- Anbar Location within Iran
- Coordinates: 36°37′47″N 46°10′43″E﻿ / ﻿36.62972°N 46.17861°E
- Country: Iran
- Province: West Azerbaijan
- County: Bukan
- Bakhsh: Simmineh
- Rural District: Akhtachi-ye Sharqi

Population (2006)
- • Total: 233
- Time zone: UTC+3:30 (IRST)
- • Summer (DST): UTC+4:30 (IRDT)

= Anbar, West Azerbaijan =

Anbar (انبار, also Romanized as Anbār; also known as Anbār-e Soflá) is a village in Akhtachi-ye Sharqi Rural District, Simmineh District, Bukan County, West Azerbaijan Province, Iran. At the 2006 census, its population was 233, in 36 families.

== Activities ==
Being in the vicinity of Majid Khan river, has turned Anbar into a valuable place with fertile farms for farming. The majority of people in Anbar are normally engaged in farming from Spring till the mid-fall. The major farming products of this village are sugar beet, Alfalfa, wheat and recently potato.
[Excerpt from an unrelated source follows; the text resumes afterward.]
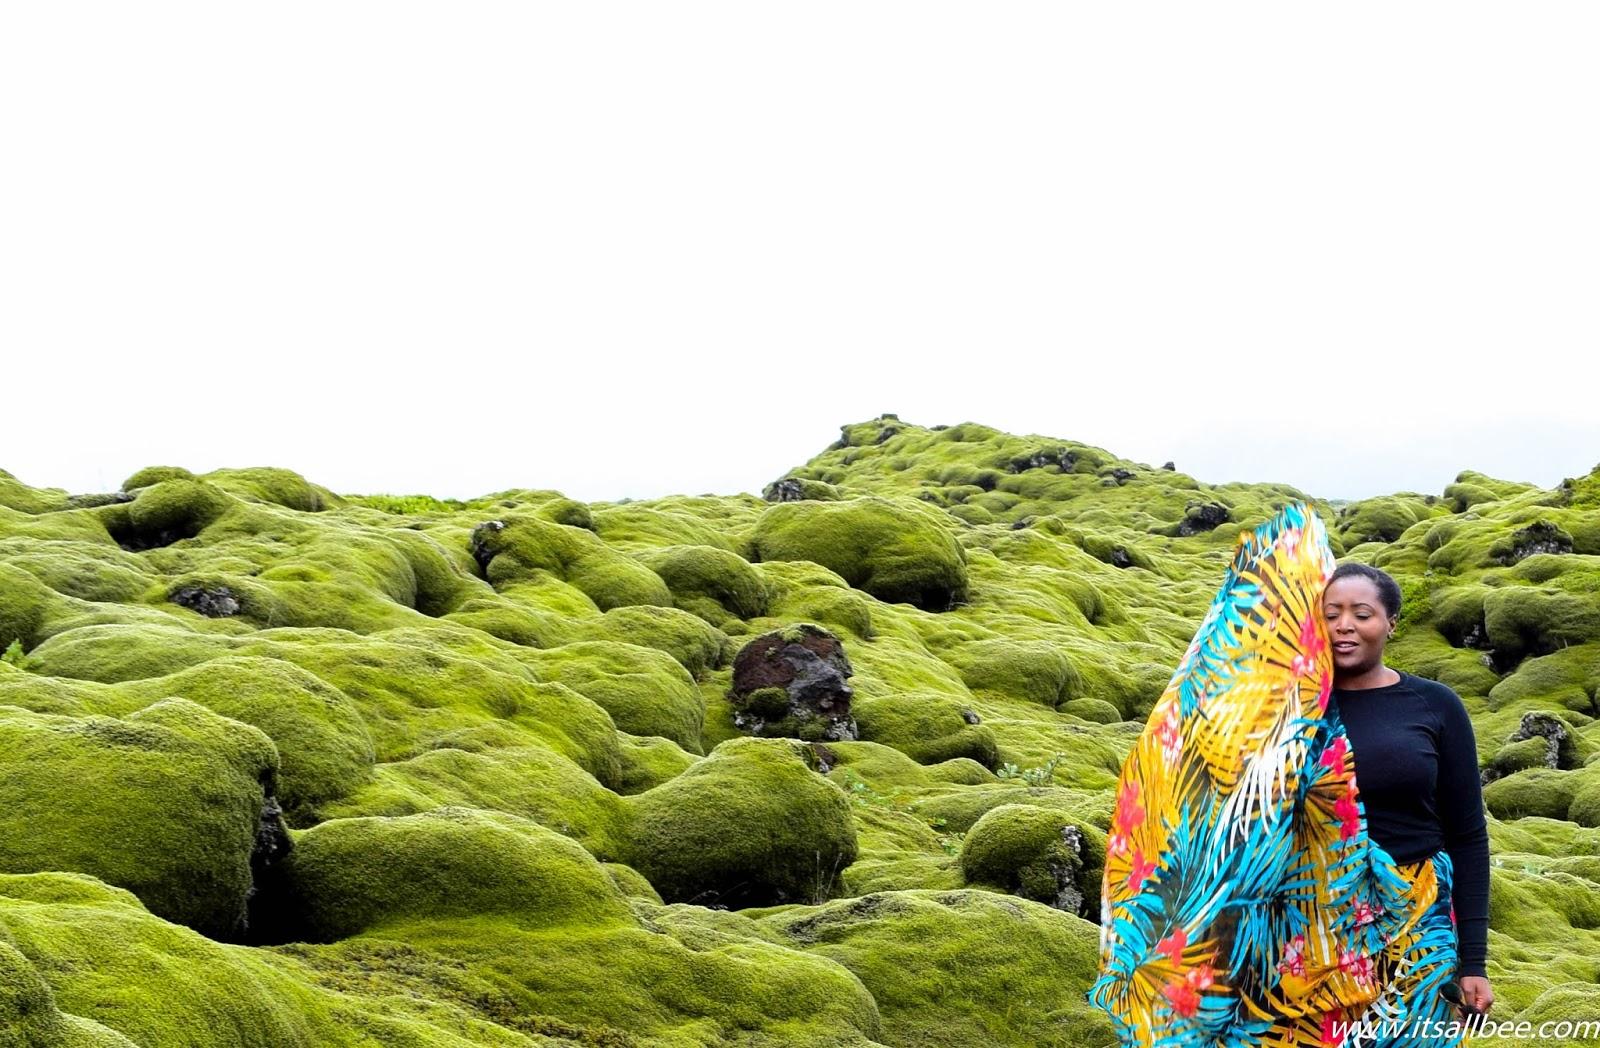 Eldhraun Iceland - Moss Lava Fields

Anbar has cold winters which provides a good environment for young people for indoor games and activities. Joraben(جورابین) is the most popular game played by villagers in winter. They normally gather together in the CheqeXane(چقه خانه) which is a place provided for gatherings and play there.

== History ==
Because of a heavy flood in 1972, a big part of villagers moved to a higher place, next to Anbar called Gerd Ghabran. Anbar has always been under the threat of flood over the years.